By Irina Rusanova
In September 2020, the Saint Vincent Center for Catholic Thought and Culture made the award-winning documentary “Flannery” available to the SVC community free of charge for a limited amount of time. Dr. Jerome Foss, associate professor of politics and director of the Center for Catholic Thought and Culture, hosted the filmmakers at a panel held on Sept. 16 over Zoom.
Fr. Mark Bosco, vice president of mission and ministry at Georgetown University, and Dr. Elizabeth Coffman of the University of Loyola Chicago, the filmmakers behind “Flannery,” joined students and faculty for a discussion about O’Connor’s life as portrayed in the film.
“The panel was a lot of fun and those who attended seem to have really enjoyed learning more about O’Connor’s life and works,” Foss said.
Foss furthermore revealed that the Center for Catholic Thought and Culture has plans regarding Bishop Robert Barron’s “Pivotal Players” episode on Flannery O’Connor in October 2020. And the events do not end there.

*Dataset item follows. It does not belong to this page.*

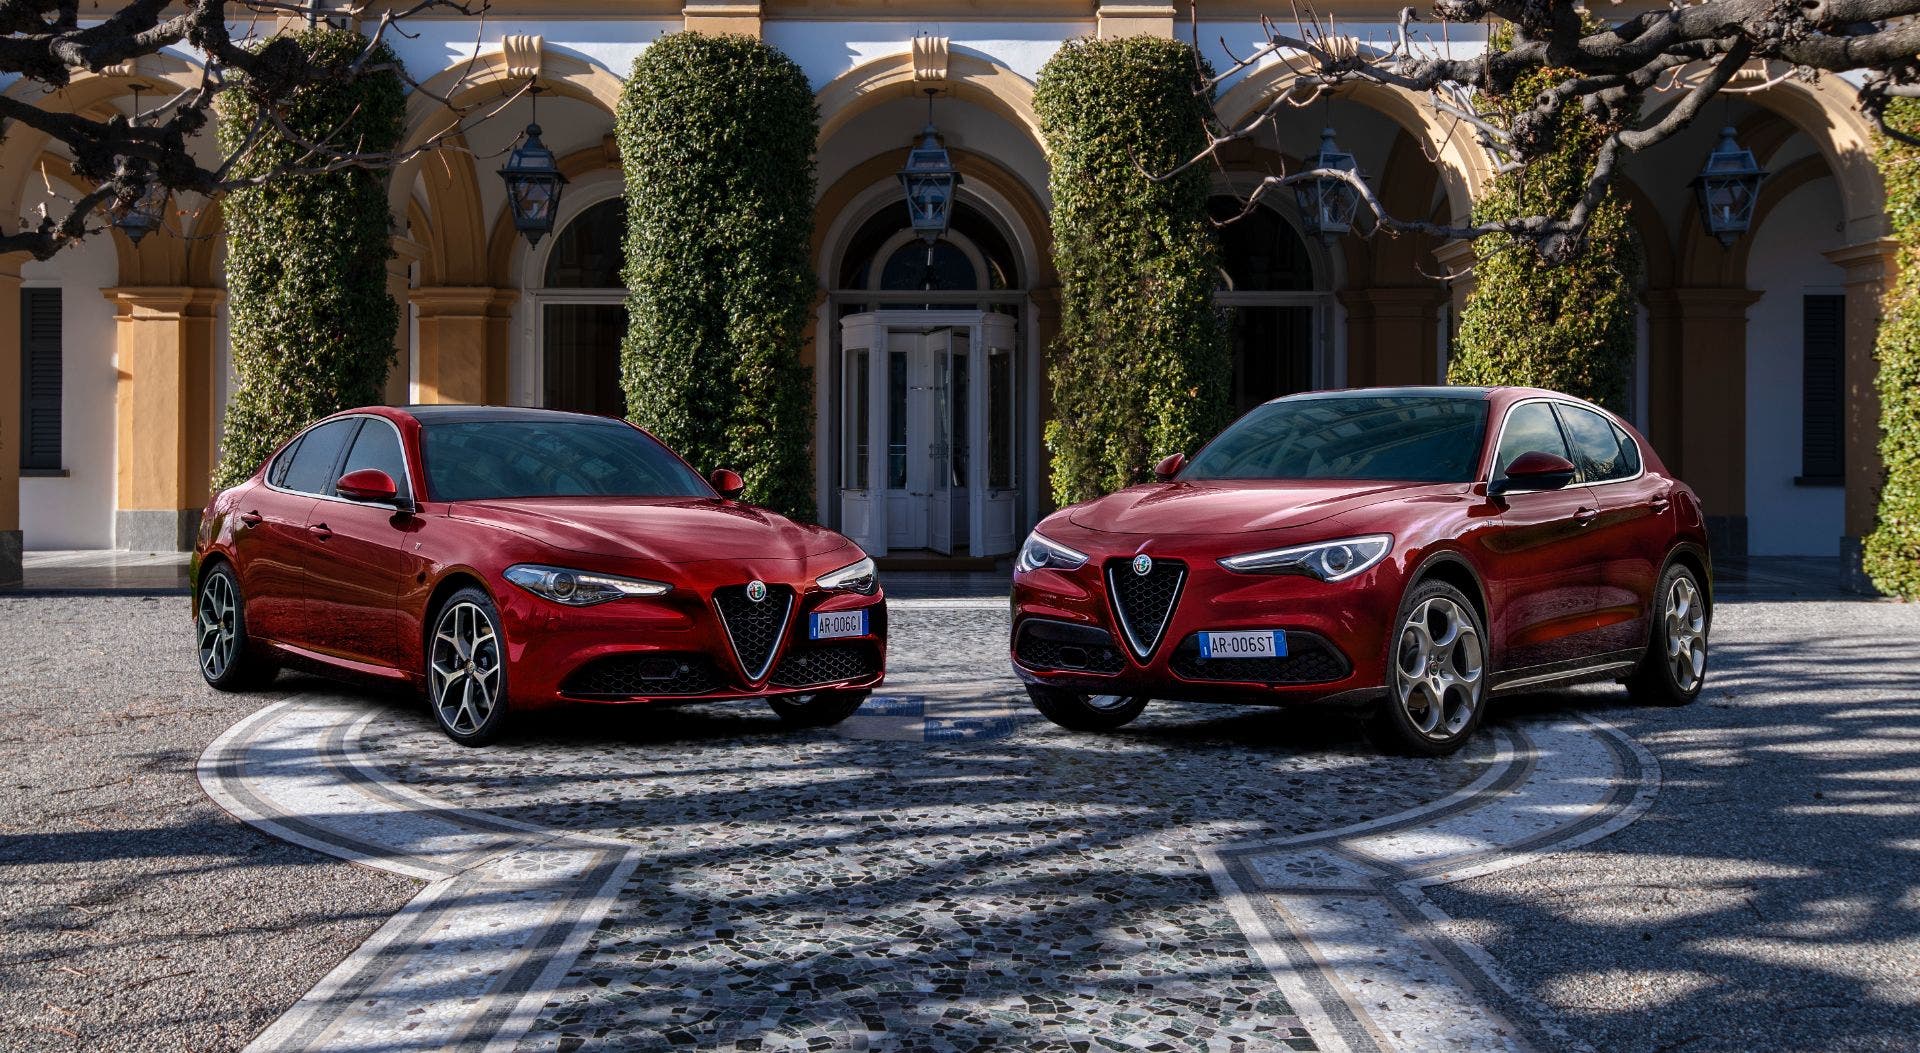 Alfa Romeo Stelvio e Giulia 6C Villa d'Este
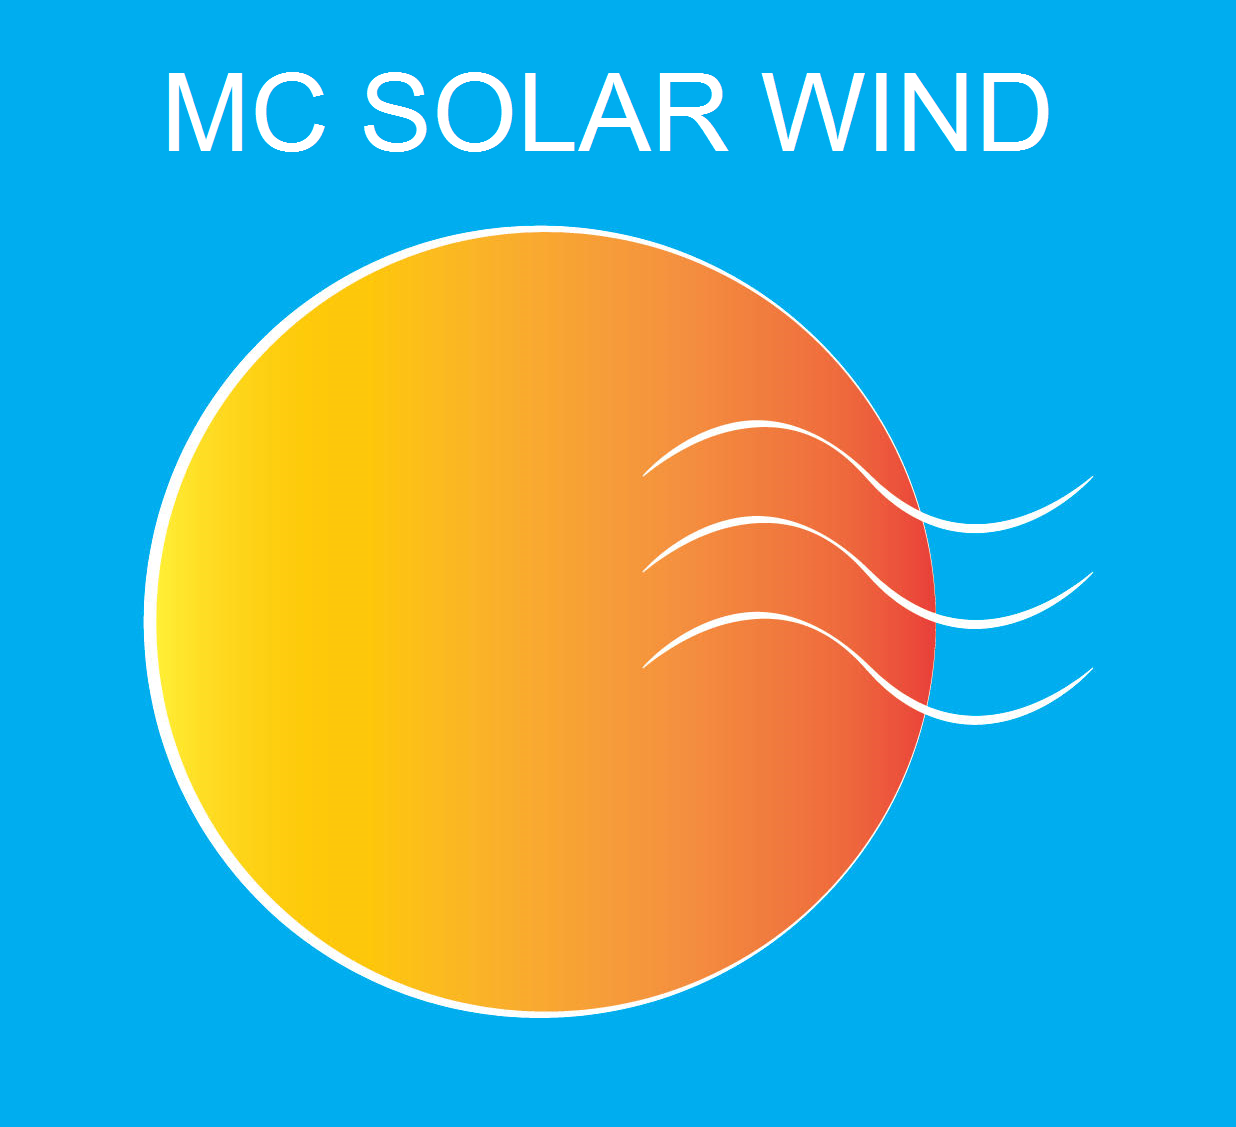 mc solar wind – breathe life

“We will also have a panel on October 13 at 7:00 via Zoom with Saint Vincent Faculty, discussing O’Connor and the recent films about her,” Foss said. “Panelists will include Fr. Wulfstan Clough, Fr. Tom Hart, Professor Michelle Gil-Montero, Dr. Michael Krom, Dr. Sara Lindey, Dr. Chris McMahon, and Professor Dave Safin.”
The panel will be free to the public, with a Zoom link to come.
Foss’ interest O’Connor’s life stemmed from his investigation into book reviews the writer printed in a Georgia diocesan newspaper.
“When I discovered that she reviewed books by important political thinkers like Eric Voegelin, I decided to dig a little deeper,” he said. “I was given a grant by the American Political Science Association to go to Milledgeville, Georgia and peruse O’Connor’s personal library. I found she owned and had read several books on political philosophy.”
In 2019, Foss released a book titled “Flannery O’Connor and the Perils of Governing by Tenderness,” which focused on O’Connor’s eclectic and political philosophy-centered reading habits.
“My book shows how her knowledge of political philosophy informed her fiction. For example, there are several references to Plato’s allegory of the cave in ‘The Republic’ that show up in her short story ‘Revelation.’”
While researching content for the book, Foss made an intriguing find in an old biography of O’Connor by Jean Cash. O’Connor’s grandfather, Peter Cline, was, it turned out, a student at Saint Vincent College from 1860-64.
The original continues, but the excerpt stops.